Content starts

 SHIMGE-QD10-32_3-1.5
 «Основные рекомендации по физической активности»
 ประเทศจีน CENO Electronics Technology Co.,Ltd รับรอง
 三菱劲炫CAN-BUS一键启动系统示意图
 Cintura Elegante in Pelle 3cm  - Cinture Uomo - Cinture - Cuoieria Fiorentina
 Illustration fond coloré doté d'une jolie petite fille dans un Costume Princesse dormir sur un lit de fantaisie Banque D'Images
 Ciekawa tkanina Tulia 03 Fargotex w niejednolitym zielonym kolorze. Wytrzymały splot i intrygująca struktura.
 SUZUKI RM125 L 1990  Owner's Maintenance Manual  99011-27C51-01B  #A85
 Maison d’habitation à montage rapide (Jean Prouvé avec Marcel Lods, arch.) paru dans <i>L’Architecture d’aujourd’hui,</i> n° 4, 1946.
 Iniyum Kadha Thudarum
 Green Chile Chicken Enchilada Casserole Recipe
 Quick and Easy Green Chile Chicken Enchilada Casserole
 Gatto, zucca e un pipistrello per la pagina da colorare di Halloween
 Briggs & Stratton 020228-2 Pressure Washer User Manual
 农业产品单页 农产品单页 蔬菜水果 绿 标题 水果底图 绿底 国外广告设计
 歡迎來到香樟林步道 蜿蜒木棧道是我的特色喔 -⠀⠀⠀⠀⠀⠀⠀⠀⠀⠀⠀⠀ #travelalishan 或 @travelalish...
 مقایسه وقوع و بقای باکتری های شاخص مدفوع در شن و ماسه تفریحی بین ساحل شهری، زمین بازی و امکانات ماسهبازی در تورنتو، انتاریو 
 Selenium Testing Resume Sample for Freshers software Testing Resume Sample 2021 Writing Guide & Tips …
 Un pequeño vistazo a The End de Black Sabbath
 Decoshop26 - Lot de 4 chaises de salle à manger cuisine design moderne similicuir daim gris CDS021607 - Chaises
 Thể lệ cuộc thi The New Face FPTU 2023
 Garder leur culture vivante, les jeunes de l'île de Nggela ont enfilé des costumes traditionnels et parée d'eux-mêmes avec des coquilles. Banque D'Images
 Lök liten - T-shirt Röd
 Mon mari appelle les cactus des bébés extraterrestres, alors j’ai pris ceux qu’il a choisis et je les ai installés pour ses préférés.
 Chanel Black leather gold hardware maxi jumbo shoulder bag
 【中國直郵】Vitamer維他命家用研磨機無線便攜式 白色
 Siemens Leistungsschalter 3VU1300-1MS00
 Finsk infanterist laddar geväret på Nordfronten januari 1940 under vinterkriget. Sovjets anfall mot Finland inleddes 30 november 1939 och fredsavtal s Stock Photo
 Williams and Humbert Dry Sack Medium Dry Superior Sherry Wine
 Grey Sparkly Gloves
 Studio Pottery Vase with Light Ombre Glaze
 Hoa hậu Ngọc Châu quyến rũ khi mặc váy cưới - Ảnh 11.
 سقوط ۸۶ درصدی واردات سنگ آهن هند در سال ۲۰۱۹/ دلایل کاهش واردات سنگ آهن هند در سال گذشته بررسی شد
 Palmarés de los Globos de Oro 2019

Content ends

* Action item
Copy out the data above word for word, starting at its first line and ending with the line that contains "Quick and Easy".

* Task solution
 SHIMGE-QD10-32_3-1.5
 «Основные рекомендации по физической активности»
 ประเทศจีน CENO Electronics Technology Co.,Ltd รับรอง
 三菱劲炫CAN-BUS一键启动系统示意图
 Cintura Elegante in Pelle 3cm  - Cinture Uomo - Cinture - Cuoieria Fiorentina
 Illustration fond coloré doté d'une jolie petite fille dans un Costume Princesse dormir sur un lit de fantaisie Banque D'Images
 Ciekawa tkanina Tulia 03 Fargotex w niejednolitym zielonym kolorze. Wytrzymały splot i intrygująca struktura.
 SUZUKI RM125 L 1990  Owner's Maintenance Manual  99011-27C51-01B  #A85
 Maison d’habitation à montage rapide (Jean Prouvé avec Marcel Lods, arch.) paru dans <i>L’Architecture d’aujourd’hui,</i> n° 4, 1946.
 Iniyum Kadha Thudarum
 Green Chile Chicken Enchilada Casserole Recipe
 Quick and Easy Green Chile Chicken Enchilada Casserole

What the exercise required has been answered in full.